Redemption of Warrants When the Price per Class A Ordinary Share Equals or Exceeds $10.00

Once the warrants become exercisable, the Company may redeem the outstanding warrants:

 

   

in whole and not in part;

 

   

at a price of $0.10 per warrant upon a minimum of 30 days’ prior written notice of redemption, provided that holders will be able to exercise their warrants on a cashless basis prior to redemption and receive that number of shares, based on the redemption date and the “fair market value” of the Company’s Class A ordinary shares;

 

   

if, and only if, the closing price of the Company’s Class A ordinary shares equals or exceeds $10.00 per public share (as adjusted for adjustments to the number of shares issuable upon exercise or the exercise price of a warrant) for any 20 trading days within the 30-trading day period ending three trading days before the Company sends the notice of redemption to the warrant holders; and if the closing price of the Class A ordinary shares for any 20 trading days within a 30-trading day period ending on the third trading day prior to the date on which the Company sends the notice of redemption to the warrant holders is less than $18.00 per share (as adjusted for adjustments to the number of shares issuable upon exercise or the exercise price of a warrant), the Private Placement Warrants must also be concurrently called for redemption on the same terms as the outstanding public warrants.
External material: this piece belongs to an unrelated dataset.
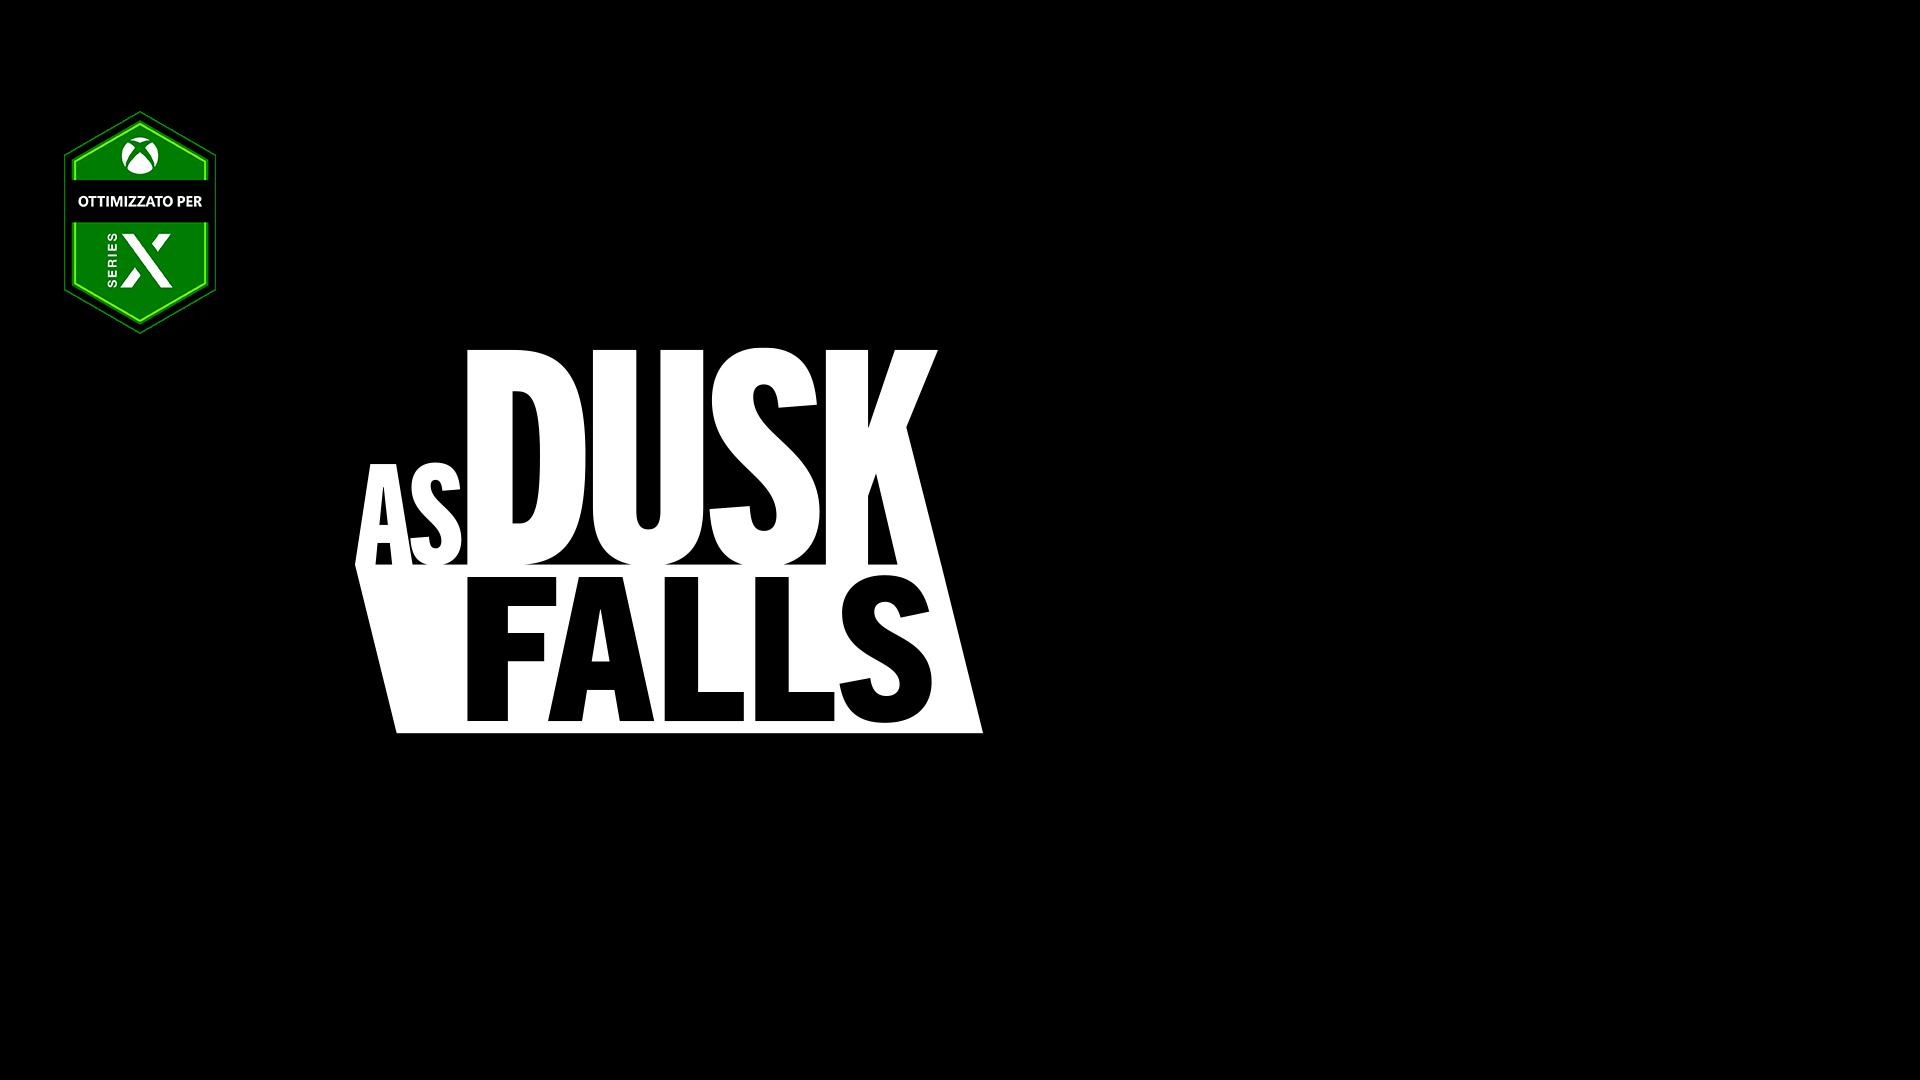 Logo Ottimizzato per Series X, As Dusk Falls

Note 8 — Subsequent Events

The Company evaluated subsequent events and transactions that occurred after the balance sheet date up to the date that the financial statement was issued. Based upon this review, other than described below, the Company did not identify any subsequent events, other than as described below, that would have required adjustment or disclosure in the financial statement.

On February 22, 2021, the Company fully repaid the promissory note to the Sponsor, with an aggregate of $131,259.